4. A SOC power consumption and performance optimization method based on display processing logic is characterized in that: the method comprises the following steps:

and S1, taking out the display data corresponding to the display layers 1-N in the SOC system memory, processing, synthesizing, and outputting to the external display screen line by line.

S2, when it is detected in advance that the number of display layers which need to be processed and synthesized by the data sent to the external display screen is increased or the processing difficulty of the display layers is increased, the frequency of taking out and processing the display data is increased in advance, and the bus performance is increased in advance;

on the contrary, when detecting that the number of layers required to be processed and synthesized by the data sent to the external display screen is reduced or the processing difficulty of the layers with the display is reduced, the frequency of taking out and processing the display data is reduced, and the performance of the bus is reduced.

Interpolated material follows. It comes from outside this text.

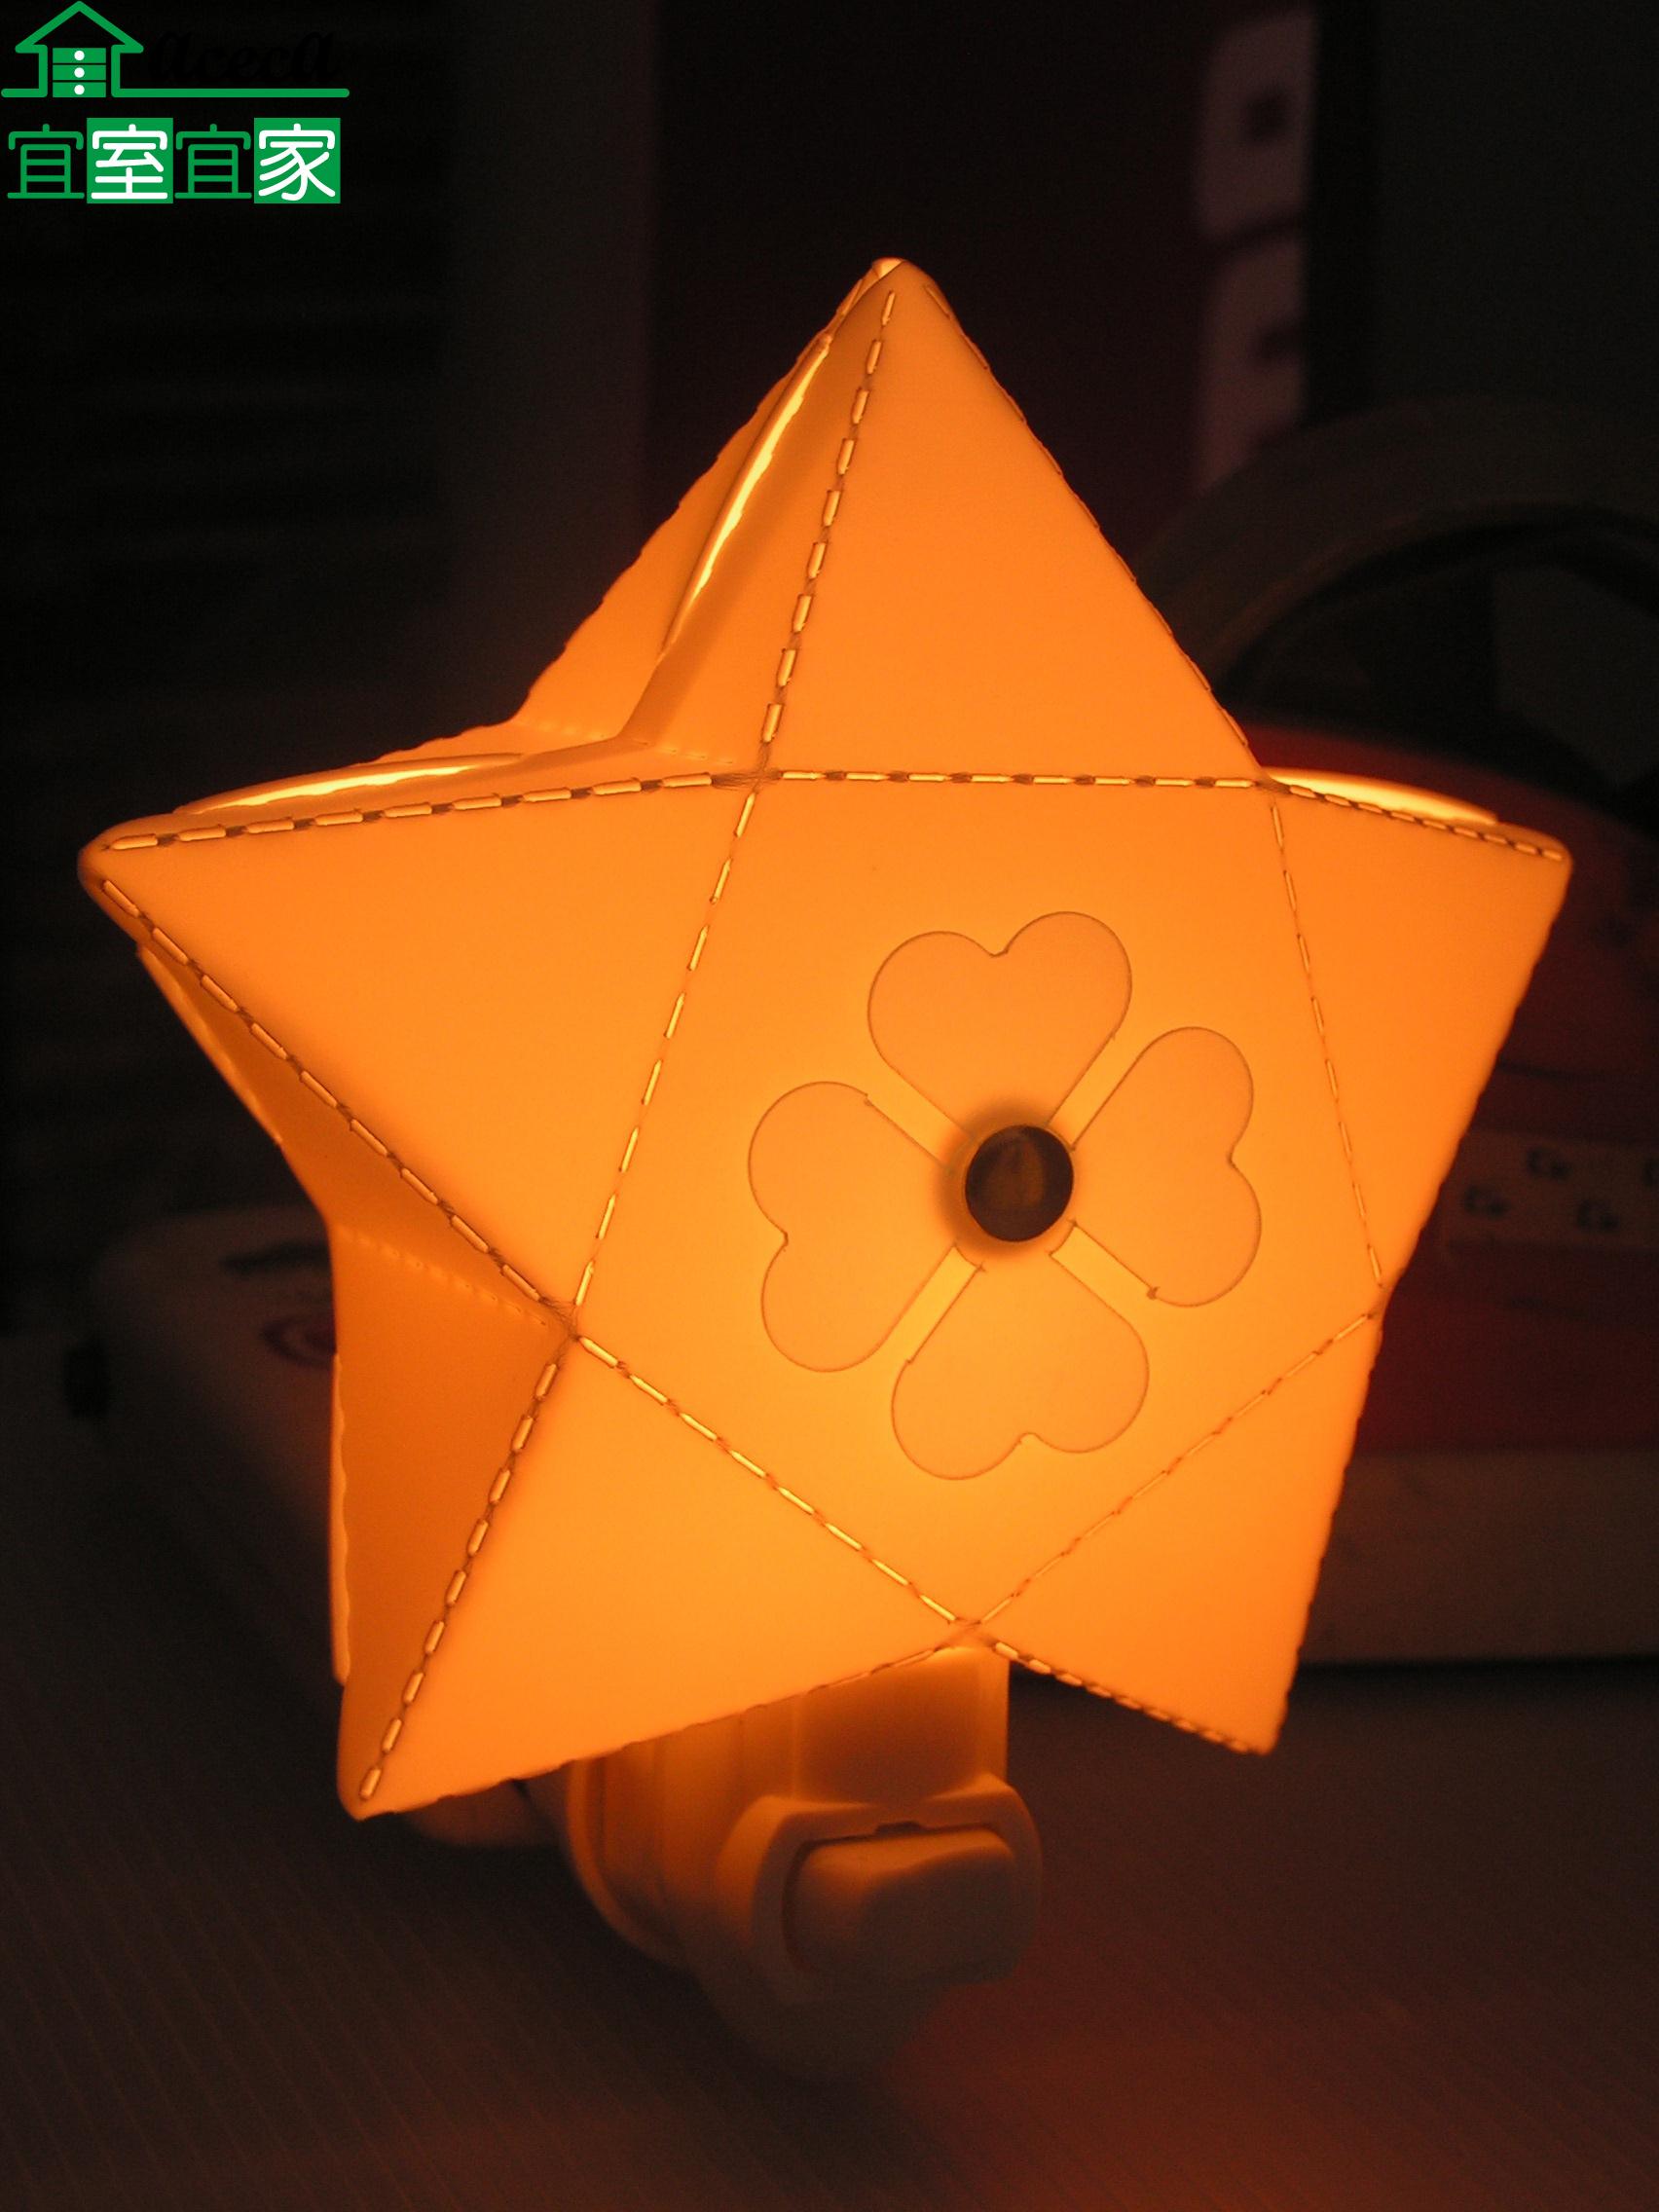 小夜燈 床頭燈 創意 造型 浪漫 夜生活 送禮 MIT 台灣製 星星造型【宜室宜家CYF04R】

5. The SOC power consumption and performance optimization method based on display processing logic of claim 4, wherein:

when the number of display layers which need to be processed and synthesized and are sent to the external display screen is detected to be increased or the processing difficulty of the display layers is detected to be increased in advance, control processing logic, data caching logic and corresponding clocks corresponding to the newly added display layers are opened in advance;

otherwise, when it is detected that the number of layers to be processed and synthesized by the data sent to the external display screen has been reduced or the processing difficulty of the layers with the display has been reduced, the control processing logic, the data cache logic and the corresponding clock corresponding to the reduced display layers are also closed.